Text Processing – Command Line Method to Drop a Column in a CSV File

text processing

Having a file of the following contents:

1111,2222,3333,4444
aaaa,bbbb,cccc,dddd

I seek to get a file equal to the original but lacking a n-th column like, for n = 2 (or may it be 3)

1111,2222,4444
aaaa,bbbb,dddd

or, for n = 0 (or may it be 1)

2222,3333,4444
bbbb,cccc,dddd

A real file can be gigabytes long having tens thousands columns.

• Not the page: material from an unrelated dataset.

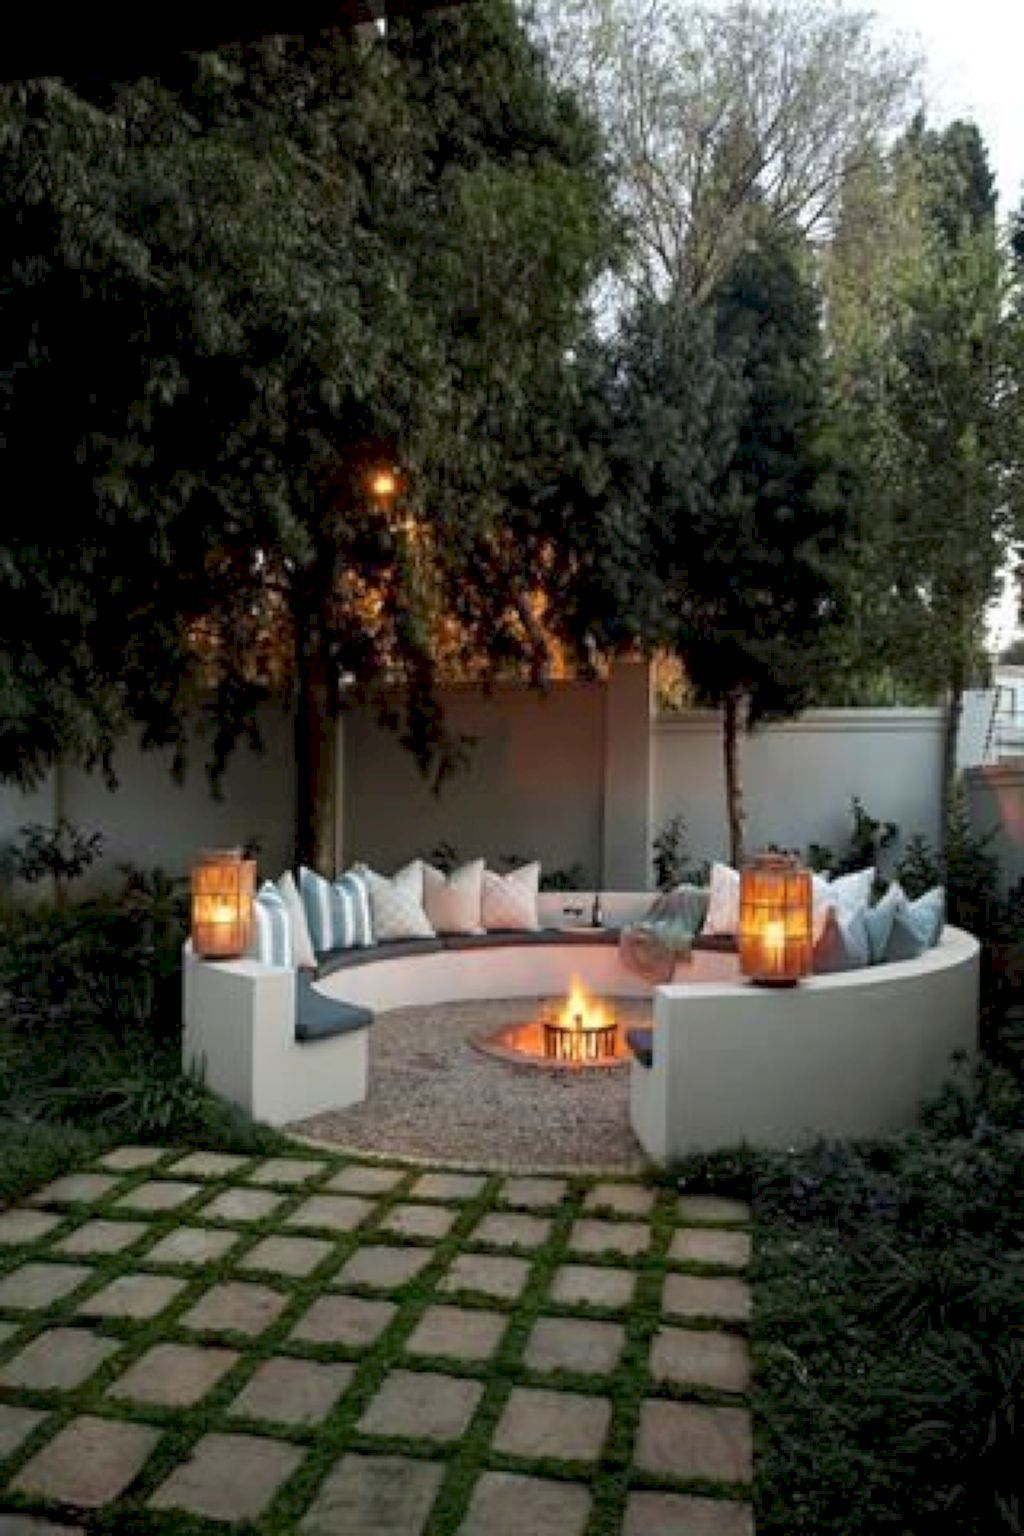 The Best Romantic Backyard Decorating Ideas 06

As always in such cases, I suspect command line magicians can offer an elegant solution… 🙂

In my actual real case I need to drop 2 first columns, which can be done by dropping a first column twice in a sequence, but I suppose it would be more interesting to generalise a bit.

Best Answer

I believe this is specific to cut from the GNU coreutils:

$ cut --complement -f 3 -d, inputfile
1111,2222,4444
aaaa,bbbb,dddd

Normally you specify the fields you want via -f, but by adding --complement you reverse the meaning, naturally. From 'man cut':

--complement
    complement the set of selected bytes, characters or fields

One caveat: if any of the columns contain a comma, it will throw cut off, because cut isn't a CSV parser in the same way that a spreadsheet is. Many parsers have different ideas about how to handle escaping commas in CSV. For the simple CSV case, on the command line, cut is still the way to go.